> [PROBLEM STATEMENT] Reproduce, exactly and in full, the lines from the one with "Speelgoed week 42 - spelend leren" through the one with "<암호화폐가 부의 지도를 바꾼다> 저자 강연회" in the data below; drop pictures.

> [DATASET RECORDS]
++++++++

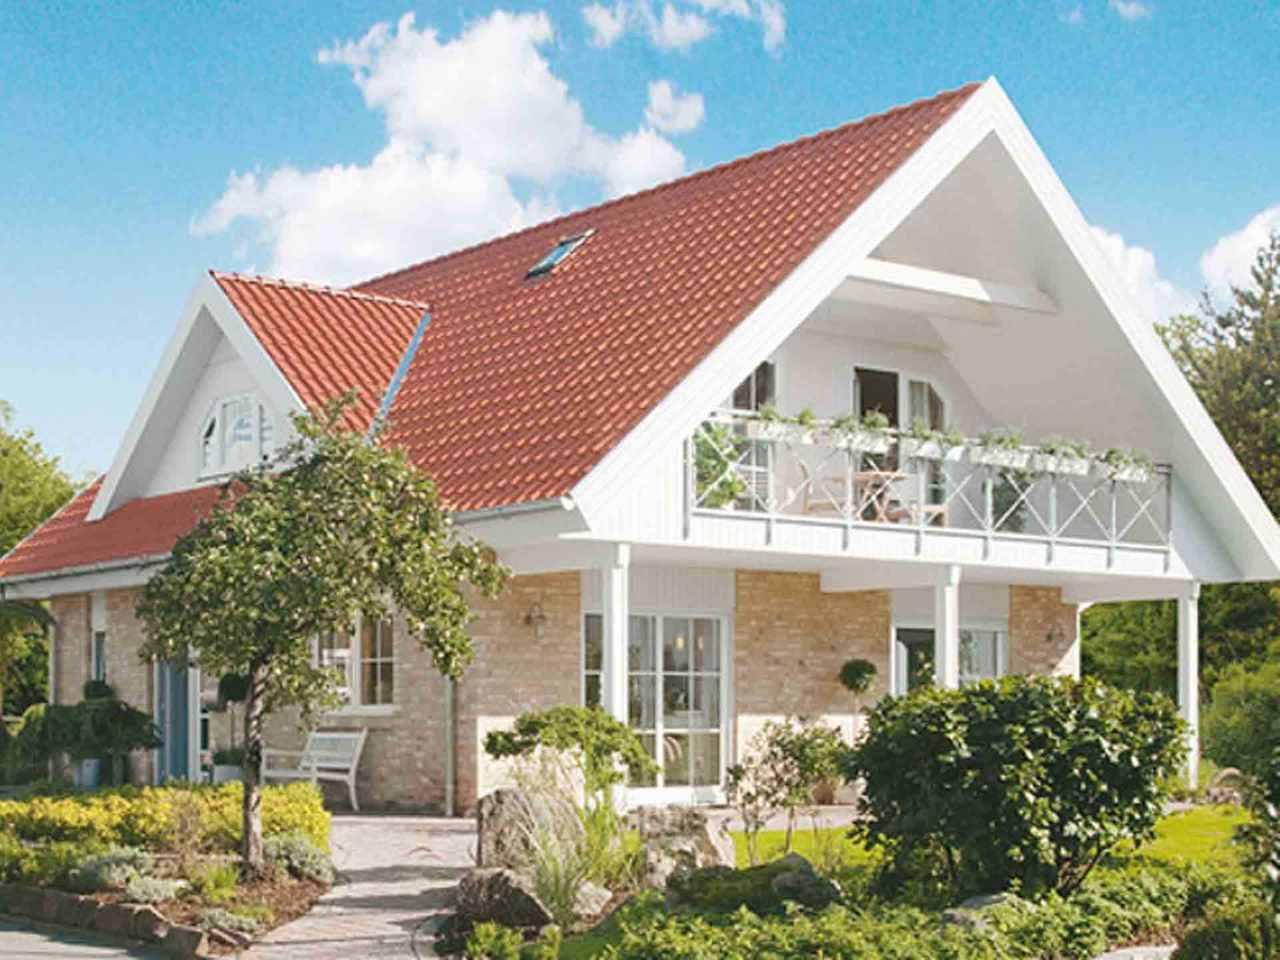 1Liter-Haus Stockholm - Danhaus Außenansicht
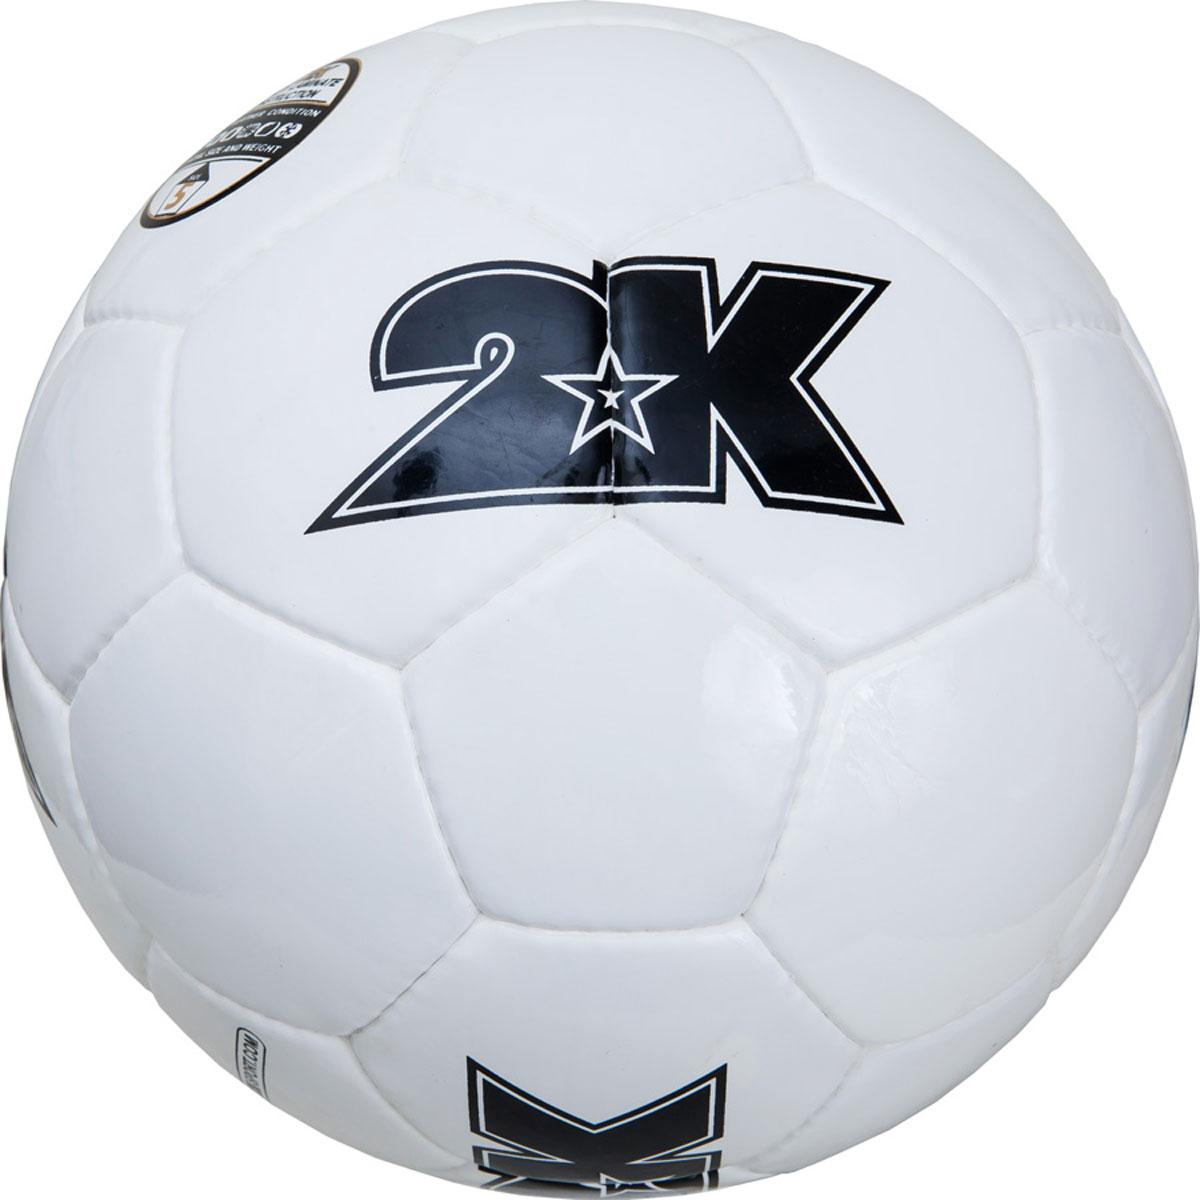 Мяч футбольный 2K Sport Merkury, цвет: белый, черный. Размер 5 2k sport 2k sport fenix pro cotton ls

++++++++

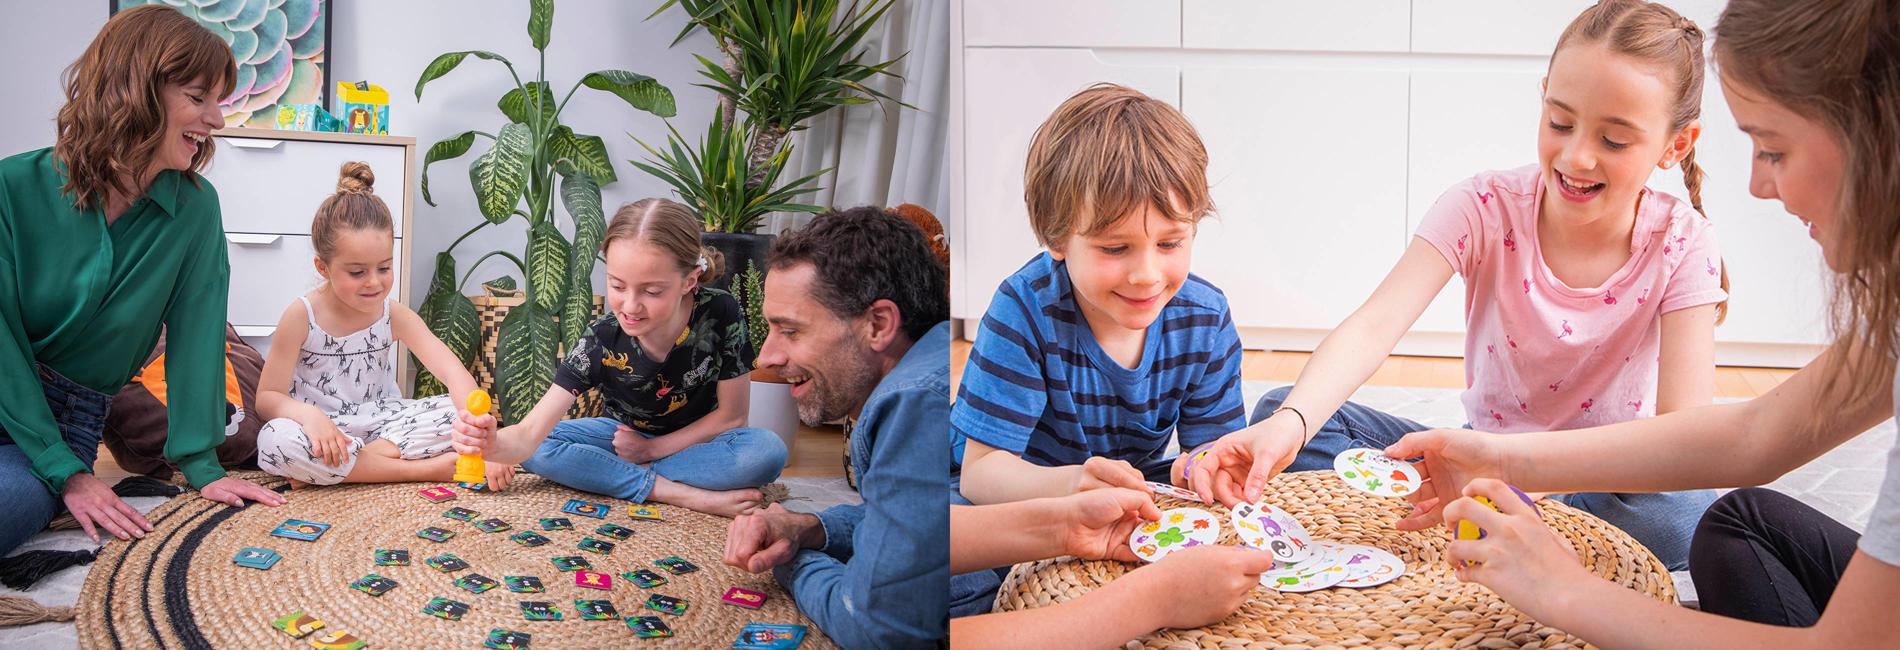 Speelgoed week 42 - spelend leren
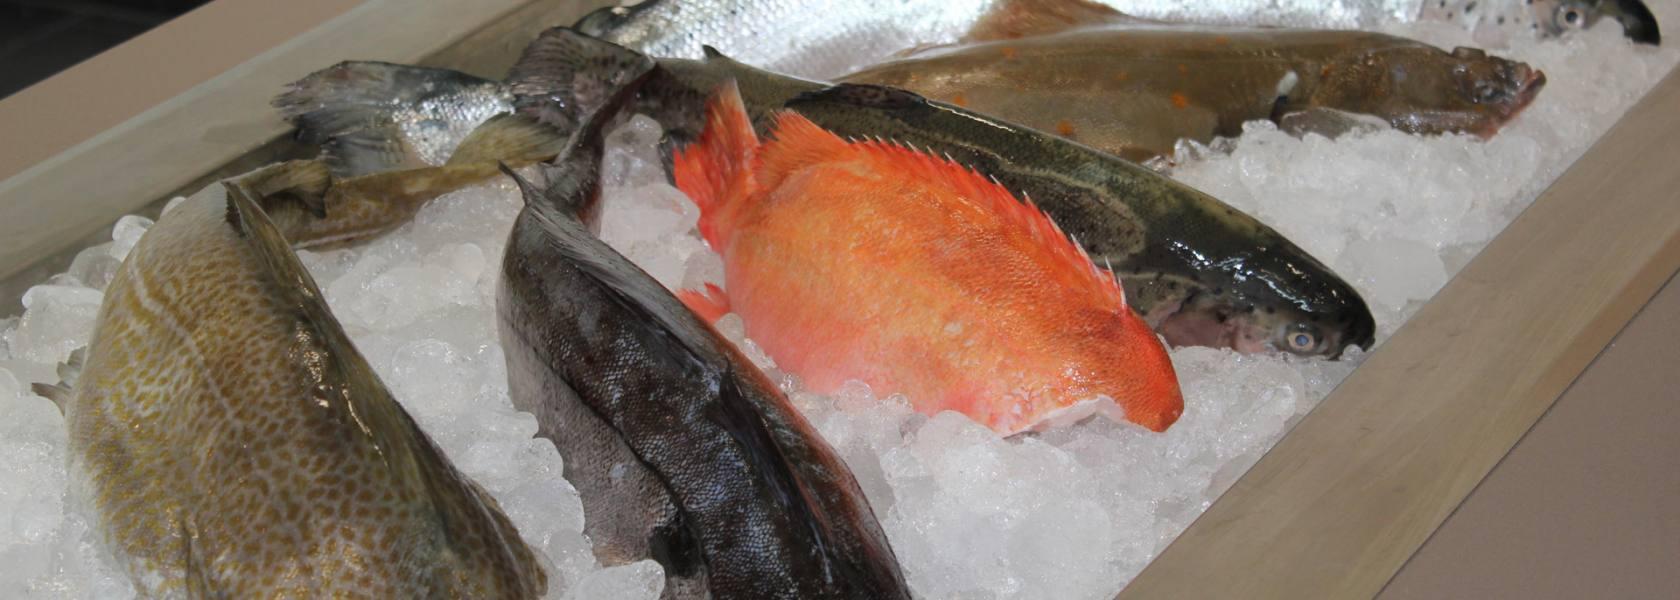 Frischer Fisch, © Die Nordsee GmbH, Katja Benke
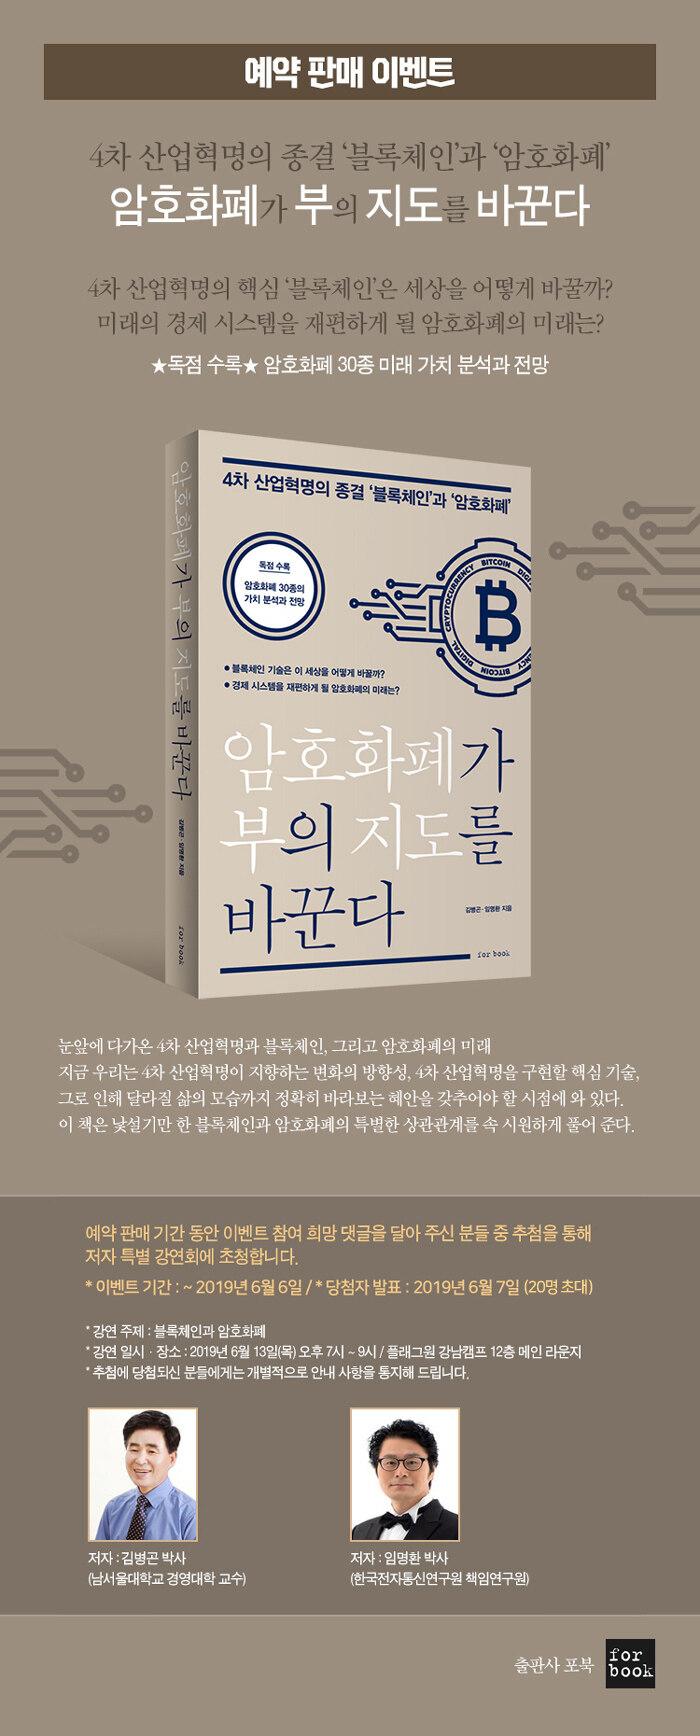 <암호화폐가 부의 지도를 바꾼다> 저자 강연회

++++++++

> [FINISHED EXERCISE]
 Speelgoed week 42 - spelend leren
 Frischer Fisch, © Die Nordsee GmbH, Katja Benke
 <암호화폐가 부의 지도를 바꾼다> 저자 강연회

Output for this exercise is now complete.